=== REQUIRED WORK ===
In the listing below, find the line containing "Açafrões brancos, florescendo" and the line containing "Tagesdecke mit Streifen-Steppung", then copy exactly everything from the first through the second, except the pictures.

=== MATERIAL SUPPLIED ===
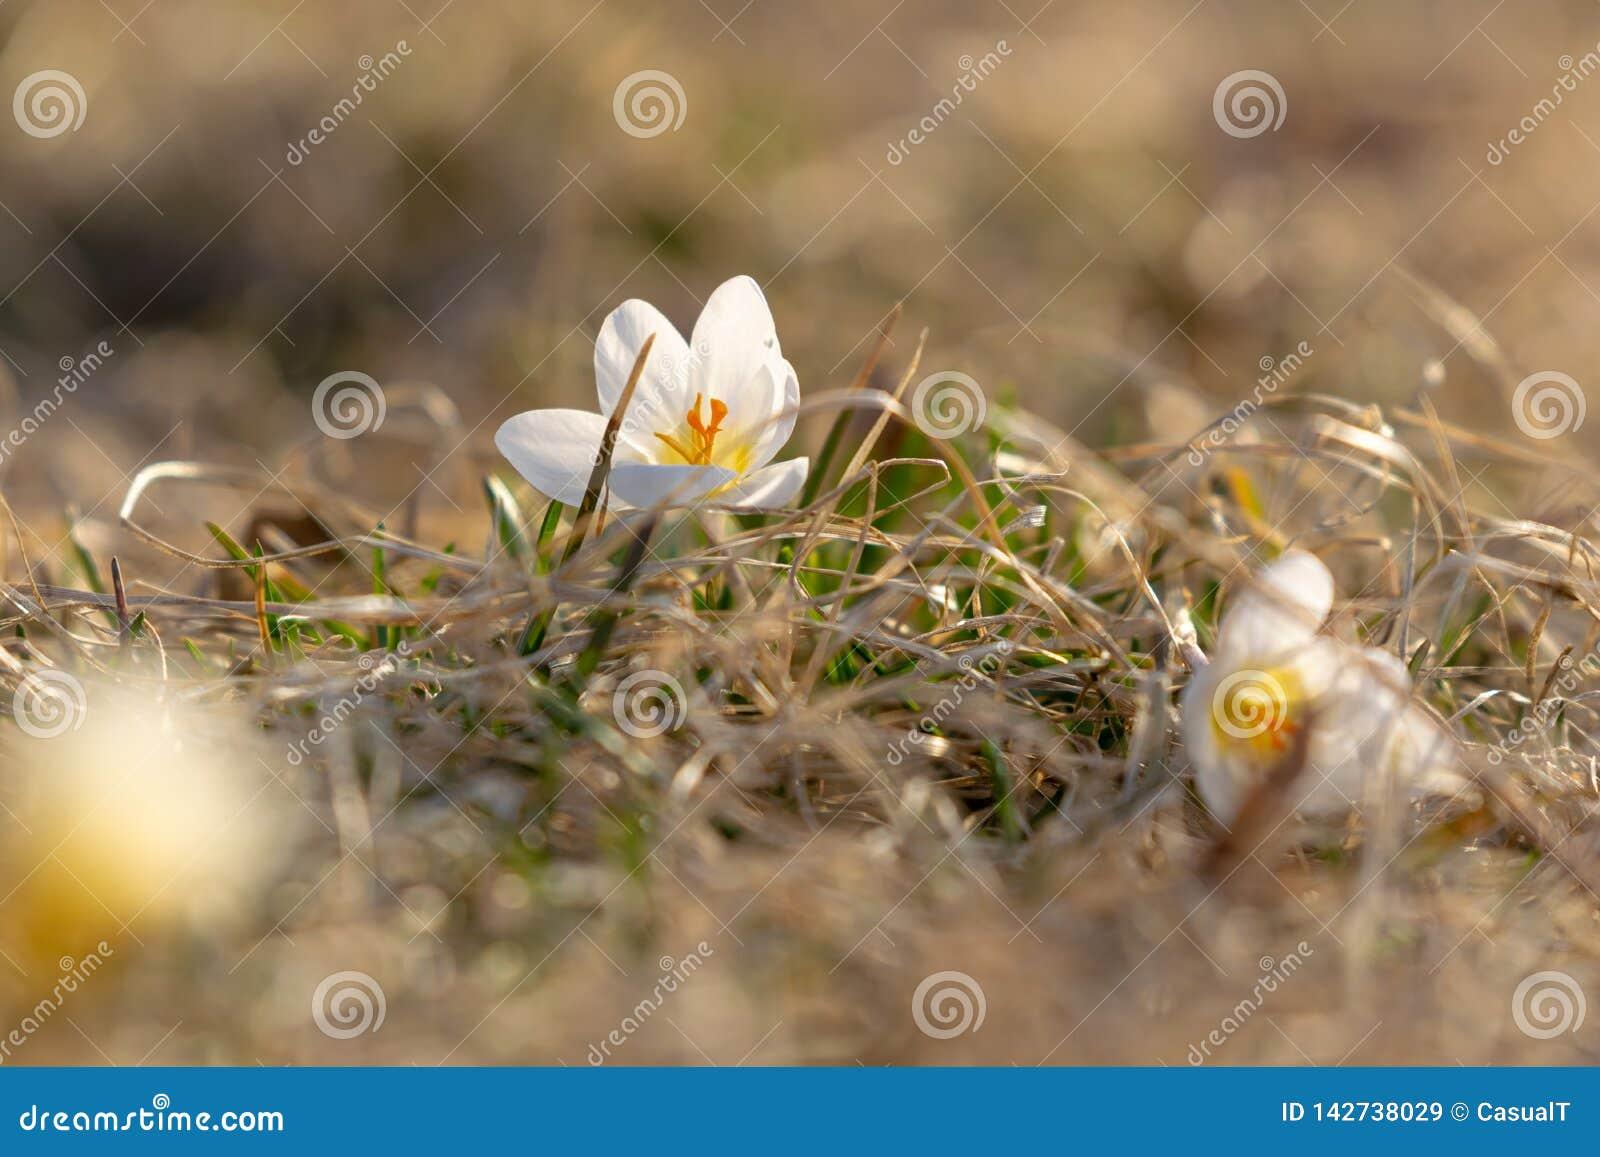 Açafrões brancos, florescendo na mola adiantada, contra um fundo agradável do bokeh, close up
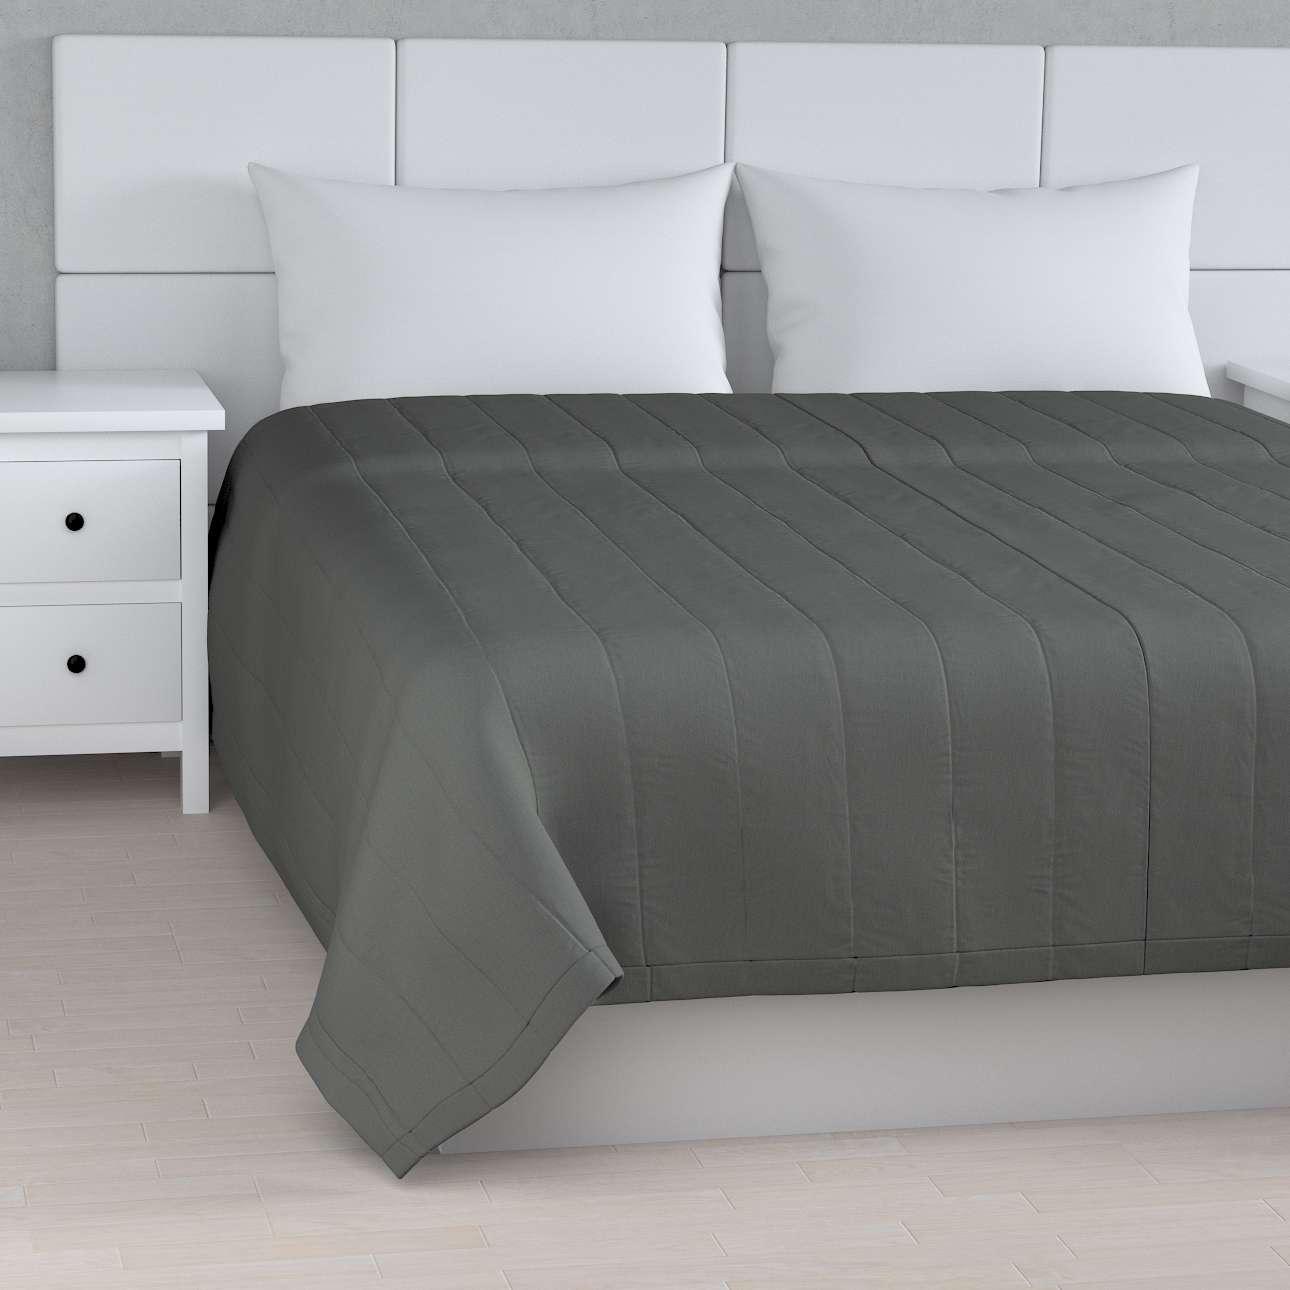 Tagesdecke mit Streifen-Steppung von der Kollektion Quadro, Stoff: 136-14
* * *
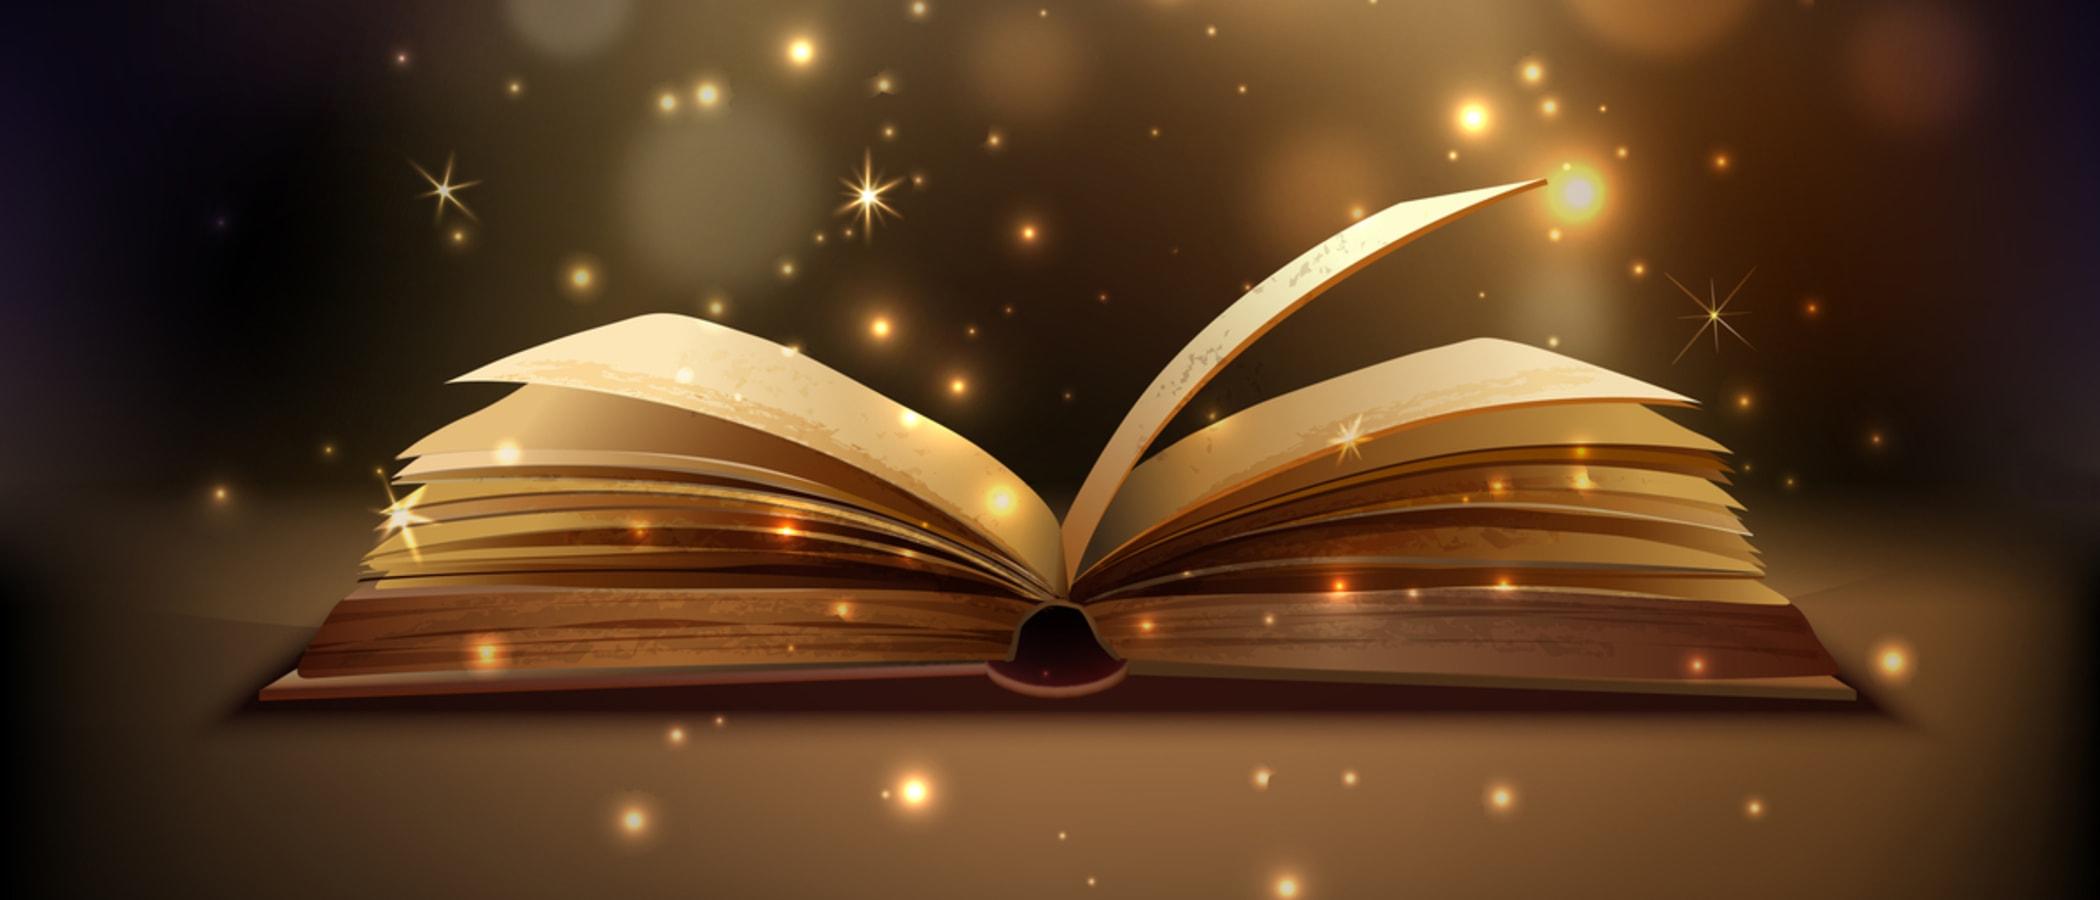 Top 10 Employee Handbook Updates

=== TASK SOLUTION ===
 Açafrões brancos, florescendo na mola adiantada, contra um fundo agradável do bokeh, close up
 Tagesdecke mit Streifen-Steppung von der Kollektion Quadro, Stoff: 136-14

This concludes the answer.